Baum, ressam Max Arthur Stremel ile birlikte yaptığı Paris gezisi sırasında Claude Monet , Camille Jacob Pissarro ve Alfred Sisley'nin eserleriyle tanıştı. Üç ressamın resim stili ona giderek daha fazla ilham verdi. Bavyera'dan Knogge şehrinde Flanders'a taşındı ve burada Pissaro'yu şahsen tanıdı.Knogge'dan sonra Hollanda'nın Zeeland eyaletindeki Sint Anna ter Muiden yerleşim yeri uzun süre onun evi oldu. Her iki bölgeden yaptığı manzaralar en önemli eserleri arasındadır. Örneğin, "Karda Flaman çiftlik evleri", "Sint Anne ter Muiden -" Weiden am Bach "," Hollanda'da köy caddesi "ve" Hollanda kanalındaki yoğun ağaç bahçeleri ". Hollanda'da kalışı çeşitli gezilerle kesintiye uğradı, örneğin güney Fransa, Türkiye ve İtalya'ya.Dört yıl Toskana'da, bir yıl Roma'da kaldı.I.Dünya Savaşı'nın başlamasından sonra Almanya'ya dönen Paul Baum, Dresden'de profesör oldu. Sanat Akademisi çok meşguldü, onu sadece bir yıl orada tuttu, ardından Schwalm'da kaldı, Kassel ve Marburg zatürreden öldü.

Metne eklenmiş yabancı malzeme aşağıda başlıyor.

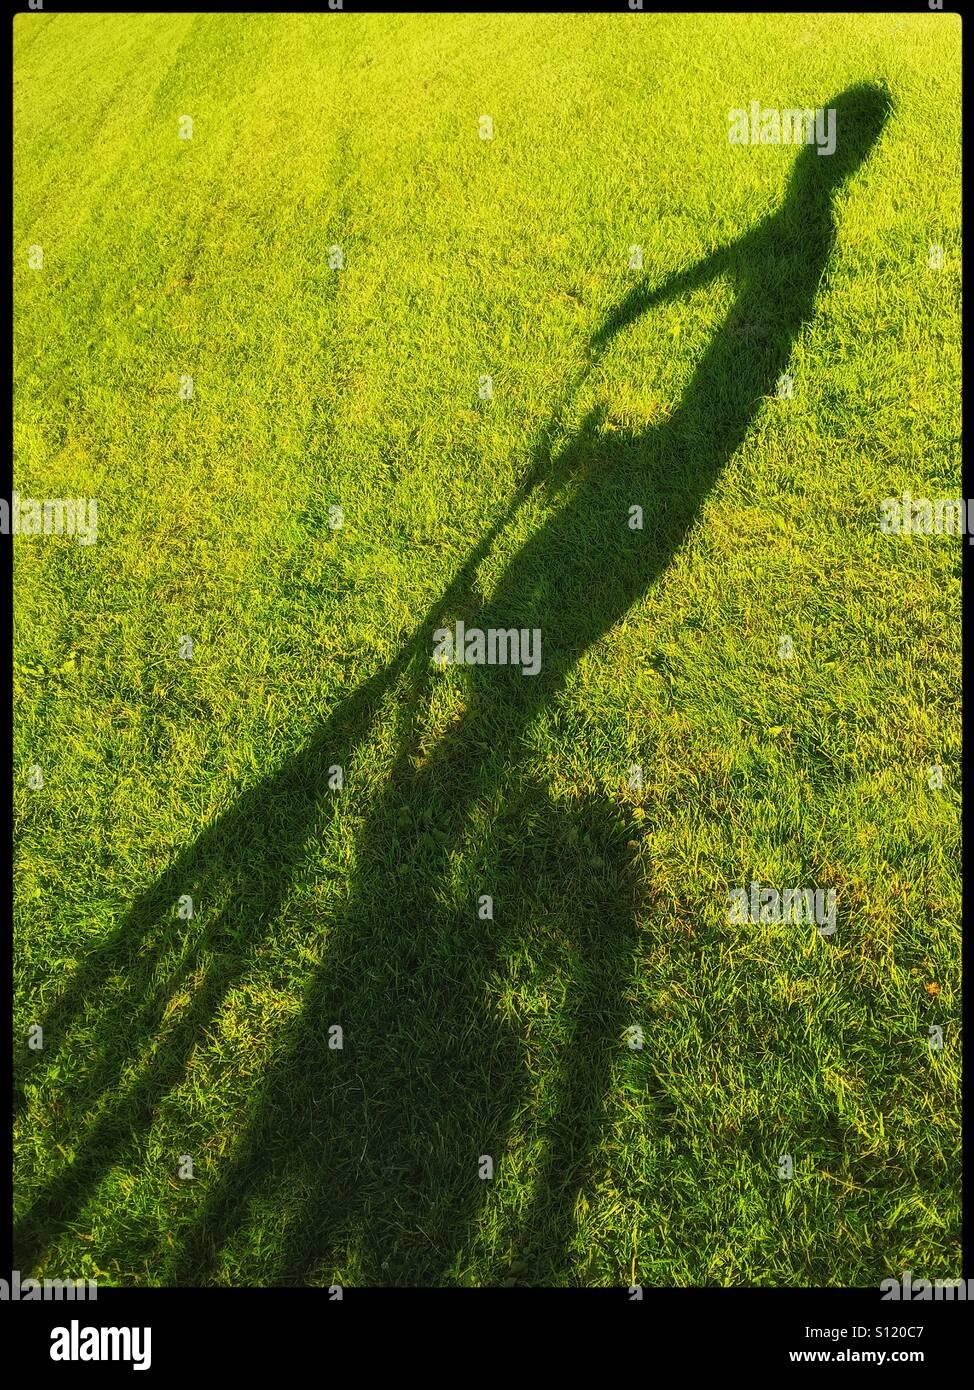 L'ombre d'un garçon de 6 ans sur son vélo dans une zone d'herbe. Une photo avec zone pour Photo Stock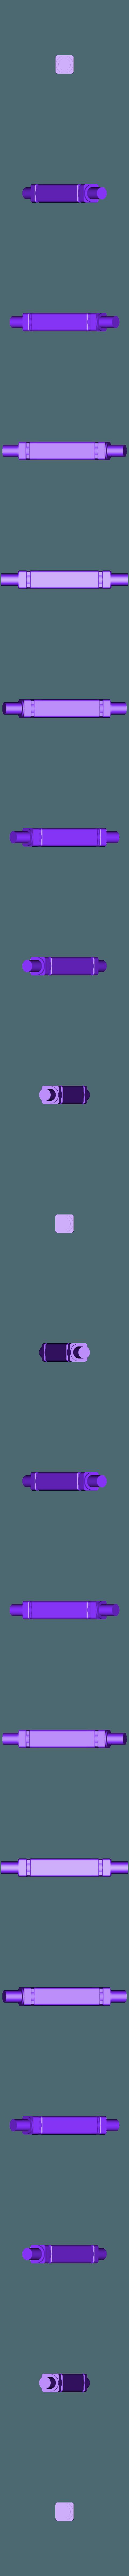 BoatShaftV1.stl Télécharger fichier STL gratuit Bateau à pagaies • Objet à imprimer en 3D, Pwentey

Paul Berg, Alman izlenimciliğinin çok önemli bir temsilcisiydi. Yağlıboya tabloları, parlak ve samimi renkler ve noktacılık olarak da bilinen virgül veya nokta şeklindeki fırça darbeleri nedeniyle özellikle dikkat çekicidir. Sadece yağlı boya tablolar değil, aynı zamanda suluboyalar, çizimler ve litografiler de yarattı. Diğer şeylerin yanı sıra, Marburg Üniversitesi'nden yaşam değeri nedeniyle fahri doktora aldı.